Igor Quintaes
O Futebol de Mesa e o resgate de uma identidade brasileira
A alma do Futebol de Mesa
Arte: Futebol de Botão Retrô Antes de você entrar no texto que preparei, preciso compartilhar algo que não cabe apenas na razão, mas no coração: o futebol de mesa é muito mais do que um esporte. Ele é lembrança, é cheiro de infância, é som de botões deslizando, é aquela mesa improvisada na casa dos avós, é amizade construída em clubes de bairro e é o tipo de paixão que atravessa gerações sem pedir permissão. Escrever sobre o botonismo é, para mim, como revisitar uma história que também é minha. Uma história que pertence a milhões de brasileiros que viram, nas pequenas peças de acrílico, a grandeza do futebol que nos une.
Nesta coluna, convido você a sentir — não apenas ler — o valor desse esporte que nunca deixou de fazer parte da nossa cultura. Que renasceu, se modernizou e, mesmo assim, manteve intacto o brilho simples e emocionante que sempre carregou.
Espero que cada linha a seguir desperte memórias, provoque sorrisos e lembre você de que algumas paixões nunca saem da gente — apenas mudam de tamanho.
A ALMA DO FUTEBOL DE MESA: UM ESPORTE QUE NUNCA SAI DO CORAÇÃO
O futebol de mesa nasceu em quintais, mesas de jantar, clubes de bairro e salas de estar. Antes de ser esporte organizado, foi imaginação, convivência, criatividade. O “Futebol de Botão”, como chamavam os mais antigos, é parte da memória afetiva de milhões de brasileiros que cresceram vendo, jogando e sentindo, em miniatura, a paixão do futebol tradicional.

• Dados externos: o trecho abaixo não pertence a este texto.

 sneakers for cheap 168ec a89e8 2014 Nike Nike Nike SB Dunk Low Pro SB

Hoje, quando o esporte vive um novo ciclo de crescimento, é impossível ignorar sua importância histórica e cultural. O futebol de mesa sobreviveu ao tempo, às mudanças de hábitos, à tecnologia e, ao contrário do que muitos imaginavam, se modernizou. Regras se profissionalizaram, federações se fortaleceram e competições de alto nível — como o Campeonato Brasileiro de Clubes — atraem atletas de várias regiões, reforçando que o Brasil continua sendo um dos pilares dessa modalidade no mundo.

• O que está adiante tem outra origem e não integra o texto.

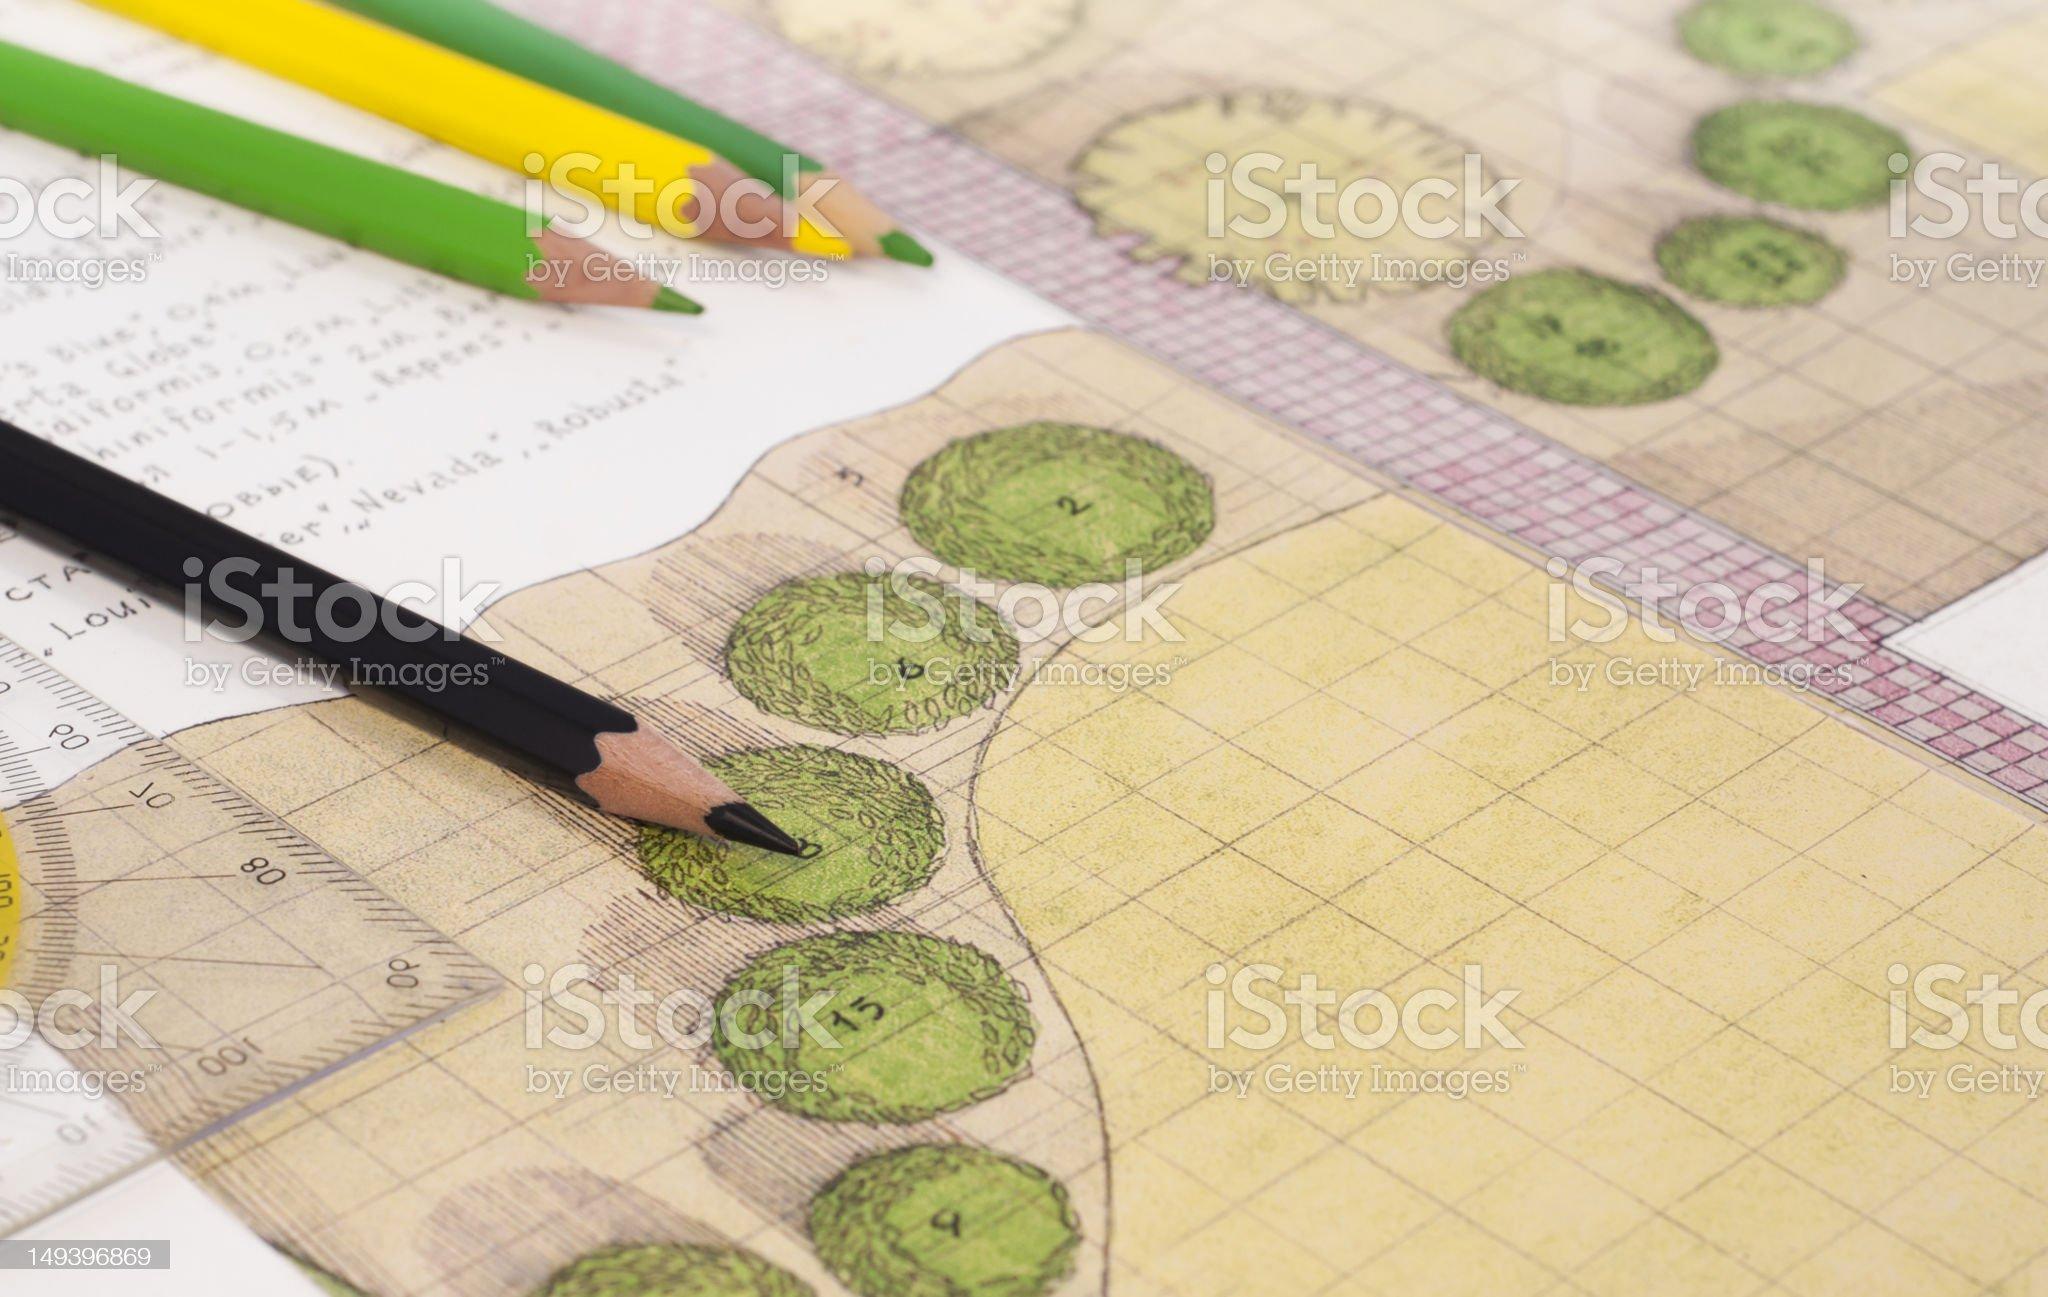 Landscape architect drawing royalty-free stock photo

Mais do que um jogo, o futebol de mesa é um resgate de identidade.
Ele carrega a herança das gerações que transformaram simples botões de camisa em craques de fantasia. Carrega a dedicação de mestres que passaram noites lixando, calibrando, polindo e ajustando seus times com o mesmo zelo de um colecionador de arte. Carrega, sobretudo, a ideia de que o esporte é também encontro, memória e emoção.

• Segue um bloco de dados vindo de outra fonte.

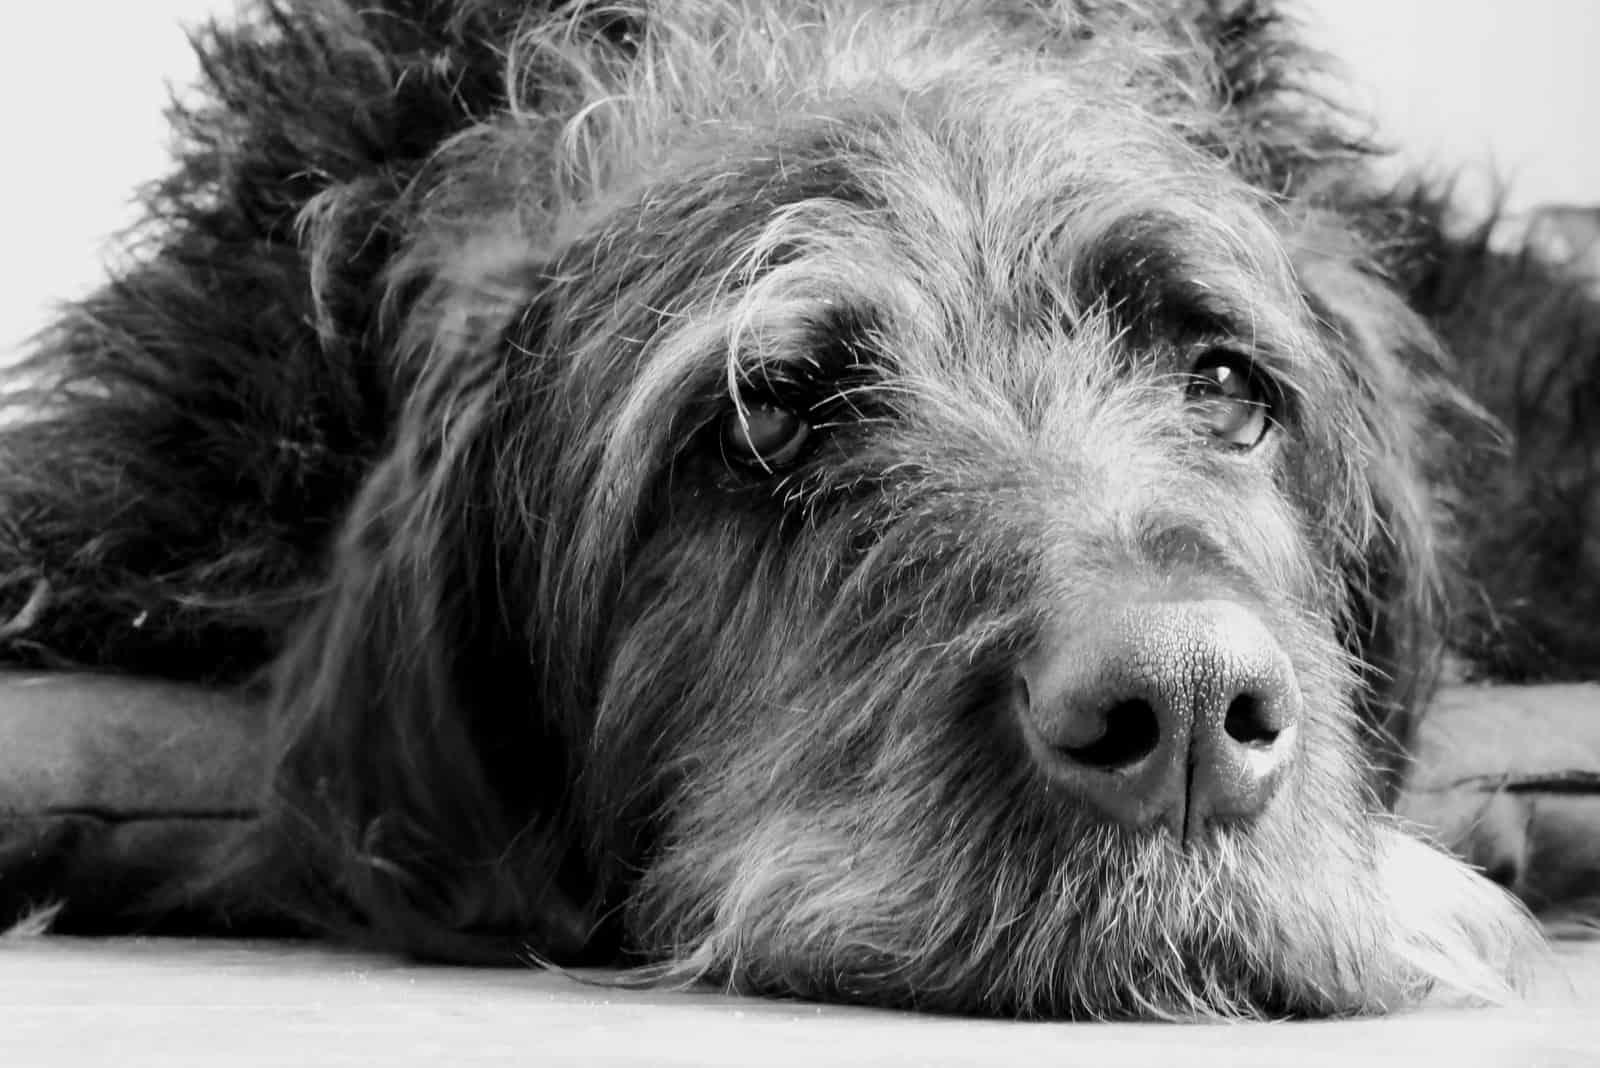 a sad-looking dog lies

Mas, ao mesmo tempo, o botonismo se reinventa. Os atletas de hoje dominam técnica, estratégia, leitura tática e concentração. As mesas se transformaram em arenas de alto desempenho, onde cada movimento exige precisão quase cirúrgica. É a evolução natural de uma modalidade que aprendeu a crescer sem perder suas raízes.
Valorizar o futebol de mesa não é olhar para o passado — é compreender que o Brasil possui um patrimônio esportivo único, que merece visibilidade, incentivo e reconhecimento. O esporte ensina disciplina, raciocínio, paciência e respeito. Conecta gerações, fortalece vínculos e lembra que a paixão pelo futebol vai muito além do que cabe em um estádio.
Se o futebol é parte da alma brasileira, o futebol de mesa é uma de suas expressões mais genuínas.
E cabe a nós, comunicadores, atletas, dirigentes e apaixonados, garantir que essa herança continue viva — para que os botões continuem deslizando pelas mesas e fazendo história, agora com o brilho e a valorização que sempre mereceram.